Recently we reported on strategies that can extend the life of an aging DC material handling system. Still, at some point the squeeze is no longer worth the juice. Companies know that when they reach that point it’s time to adopt more up-to-date methods or risk not being able to compete.
The fact is that today there are many more deployment options for order processing than most logistics managers realize especially as it applies to DC automation. The speed, at which system providers are bringing automated solutions to market, along with the number of deployment proof points that have been establishes in just the last few years, is truly impressive.
Logistics managers must therefore, find a way to organize the evaluation criteria relative to adopting new process methods. Below we offer a starting point by listing a number of key variables or attributes that can differ across technologies and providers. Some are obvious (such as total system cost), while others are more subtle factors. This list was excerpted from our groundbreaking report on automation in the DC, which can be downloaded here: Automated Case Picking 2009: The Next Frontier in Distribution Center Management.
- Initial System Cost: Hardware, software, implementation, building modifications, training, etc, can vary widely depending on how much new equipment and technology is integrated into the current operation.
- Flexibility & Agility: How will the system operation handle business changes, customer order profile changes, VAS, and SKU changes relative to velocity and varying carton sizes and weights?
- Throughput (cases per hour shipped): This can be tricky to calculate due to the incremental way systems can be implemented. For example, automated picking may improve productivity and flexibility but not bump-up throughput.
- Supporting Labor Cost: How much labor will be needed to staff the new system, or in related work processes upstream and downstream from the new system?
- Process Complexity & Replenishment: How complex will the system be to manage, especially relative to replenishment - an often overlooked factor?
- Footprint Requirements: How much floor space and vertical height is required and optimal (these are two different numbers)? You might also want to assign a cost to this space usage.
- Changes Required to Existing Building: Scope and cost of any building changes needed for each alternative system.
- Expansion Capability (easy and cost): How “small” can you start, and how easy and expensive will it be to expand the system over time?
- Maintenance Issues/Uptime: What sort of system maintenance will be required, what are the skills required (can you do it yourself?), and what is the projected level of uptime?
- Percent of Total Volume That Potentially Could be Handled: The alternative systems will likely vary in terms of how much of your total order processing volume that they can physically handle.
- Proven Implementations: How and where has each solution been implemented, both generally and within your industry or type of distribution model? That does not mean a company shouldn’t consider partnering with a system provider to jointly develop a new-to-market solution, but among more established solutions see where your type of application has been successful.

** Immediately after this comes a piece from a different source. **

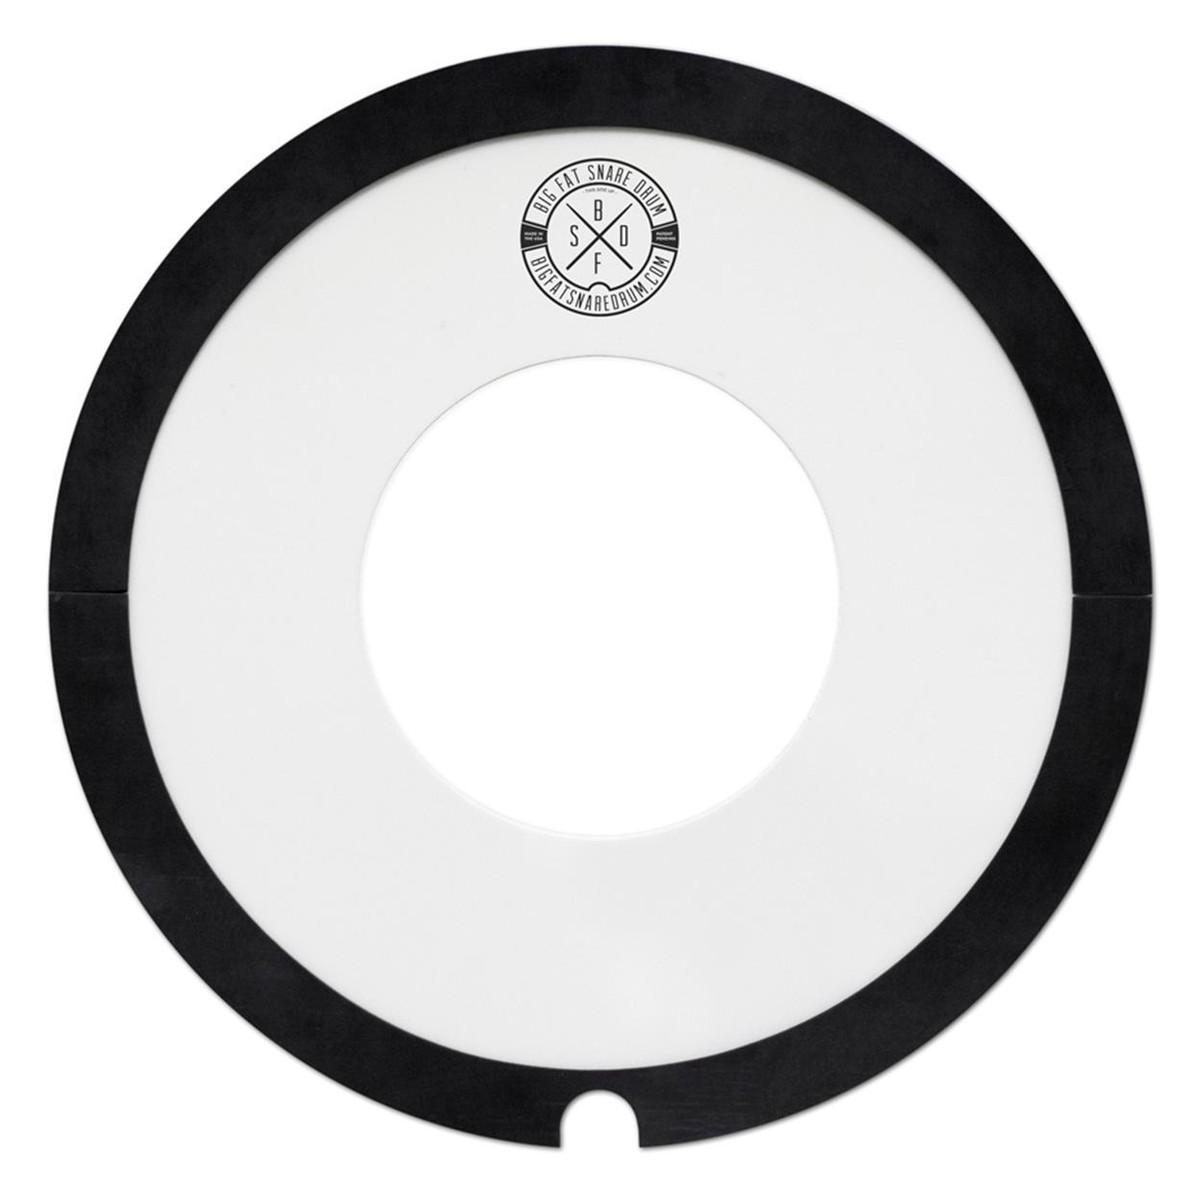 Big Fat Snare Drum

- Power Consumption: How much energy will each system under consideration use?
- Safety: Are there important differences in the level of safety and risk of injury between the different alternatives?
- TCO & Total ROI: What is the project total cost of ownership (TCO) over five years, and then what is the total ROI for each solution?
Of course, other criteria can be added that is more specific to the companies operation and the applied technologies, but we think this is a good list from which to start the search and evaluation.